The dust swirls around their feet. Kreacher’s usually around to clean it up. Kreacher has been gone two days. If his father hadn’t died, the dust would still be undisturbed. If Kreacher doesn’t come back (but of course he will, Regulus ordered him to come back) perhaps it will even fill up this empty house.

“I understand, Mother,” Regulus says.

-

When he was little, he researched. His namesake (little king, and ironically enough, heart of the lion), the true source of the dust that collects between the floorboards (our cells, us, us, us).

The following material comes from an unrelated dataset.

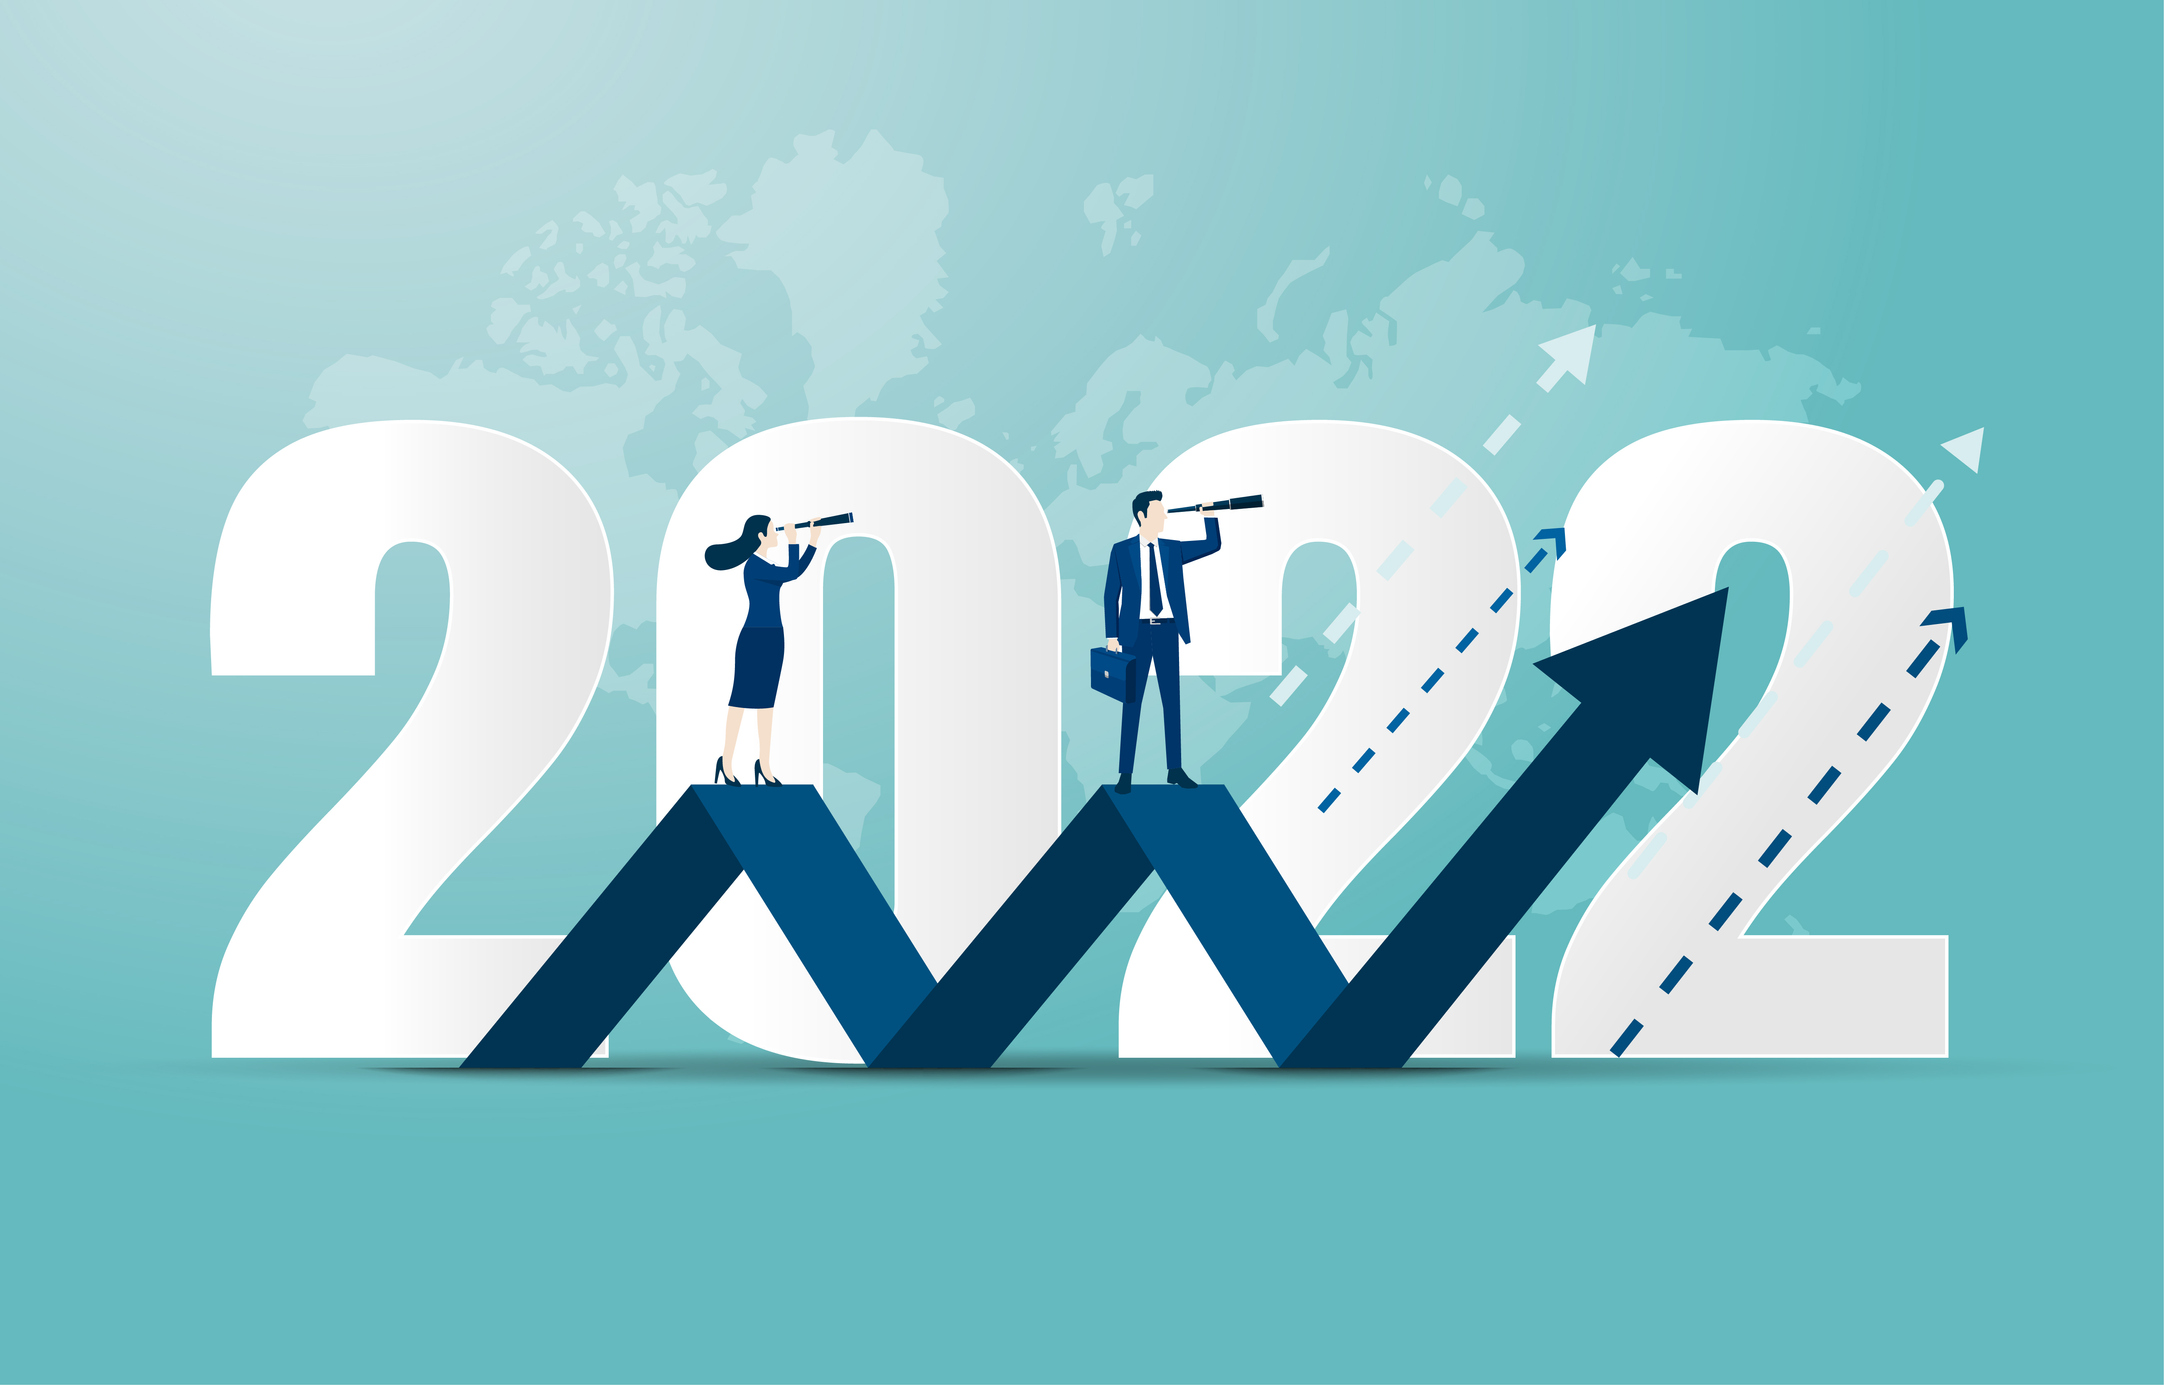 20 Issues to Watch in 2022 – Part I

Because he may still be little, he still researches. Frightful witches and wizards (Morgan le Fray, Elizabeth Bathory, Grindelwald, this new Dark Lord they serve) and their raisons d’être (greater good, why should we hide from muggles, eternal life, not in that order).

He has a bookshelf in his room. It is disorganized. Old letters stick out at odd angles between the dog-eared pages of the books. There’s an odd quill sticking out here and there. An uneaten chocolate frog from two Christmases ago. It is the only disorganized thing in Regulus’s room, and he has read through all its messy books.

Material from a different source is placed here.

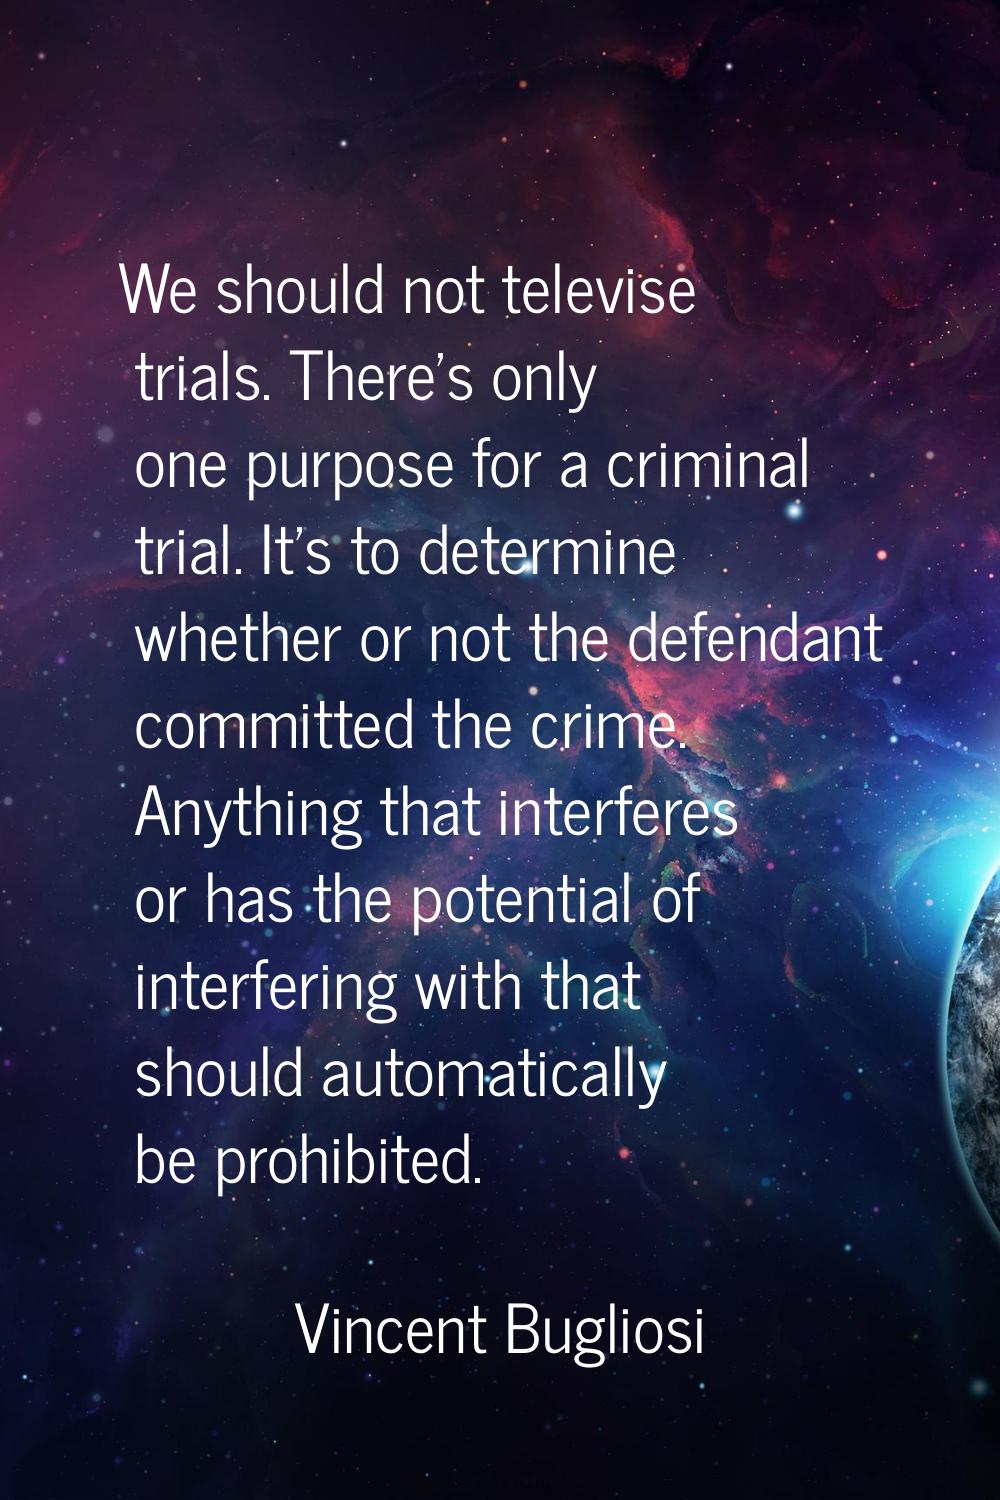 We should not televise trials. There's only one purpose for a criminal trial. It's to determine whe

“Kreacher, will you bring me a book from the library?” It’s spirit hour, he can’t sleep, his mother is sleeping.

There is silence. Kreacher isn’t back. Regulus slips out his room and slides down the bannister because the stairs creak and the Persian rug at the end of the staircase is thick enough for him to land on it soundlessly. This is another product of research; even if it isn’t his own, it might as well be, now. He sits down at the foot of the stairs and considers spending the night there. The walls of Grimmauld Place are enchanted to keep sound from leaking in and spilling out, but he can see the sparse trail of streetlights leading into the night.

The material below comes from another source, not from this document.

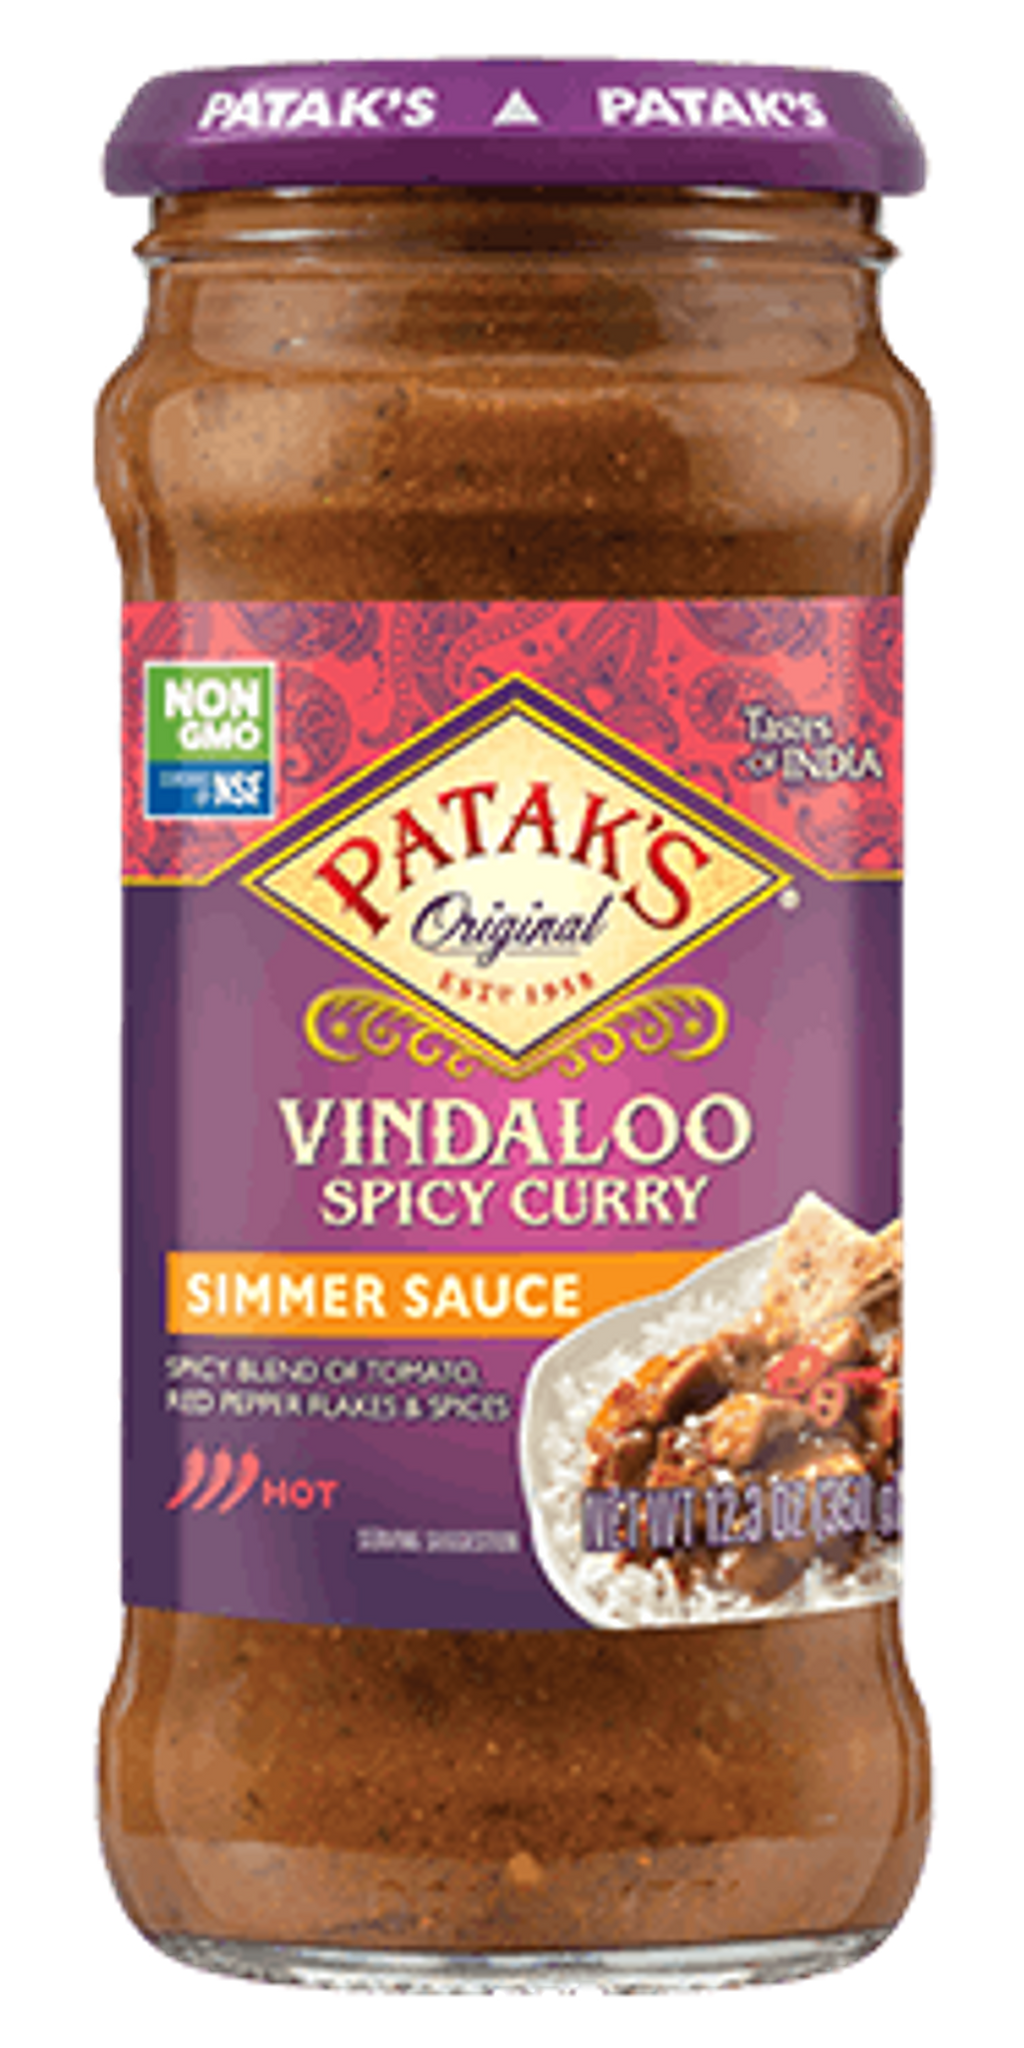 Vindaloo Spicy Curry Simmer Sauce

I have exited the official version of my life, Regulus knows. His eyes remain dry anyway as he spends spirit hour eagle-sprawled over the rug.

-

Traveling during spirit hour ensures a safe return, he’s read, but it’s just a silly old myth. When he stands up, his neck pops. Then he crackles his knuckles and his pops his elbows and he can’t pop anything else so he leaves his joints as is: feeling slightly out of place, perhaps in another’s body. He ghosts to the library anyway and sits in the chair closest to the fire.

Regulus has never researched himself. There are no books on his veins or his slightly out of place bones. Usually you start with books, when you want to research something. Books with works cited inked in the back that lead you to more books. He looks at the green veins in his hands and traces them up to the crook of his elbow where it disappears until the bare sketch in the shadows under his left eye. There are no words written in his blood—blood is for runes, for old dark magic. His veins offer him no answers.

(What ties eternal life, the greater good, and muggles together? Why does he have to know? Better not, it’s too late, Death Eaters can’t just resign on whim—)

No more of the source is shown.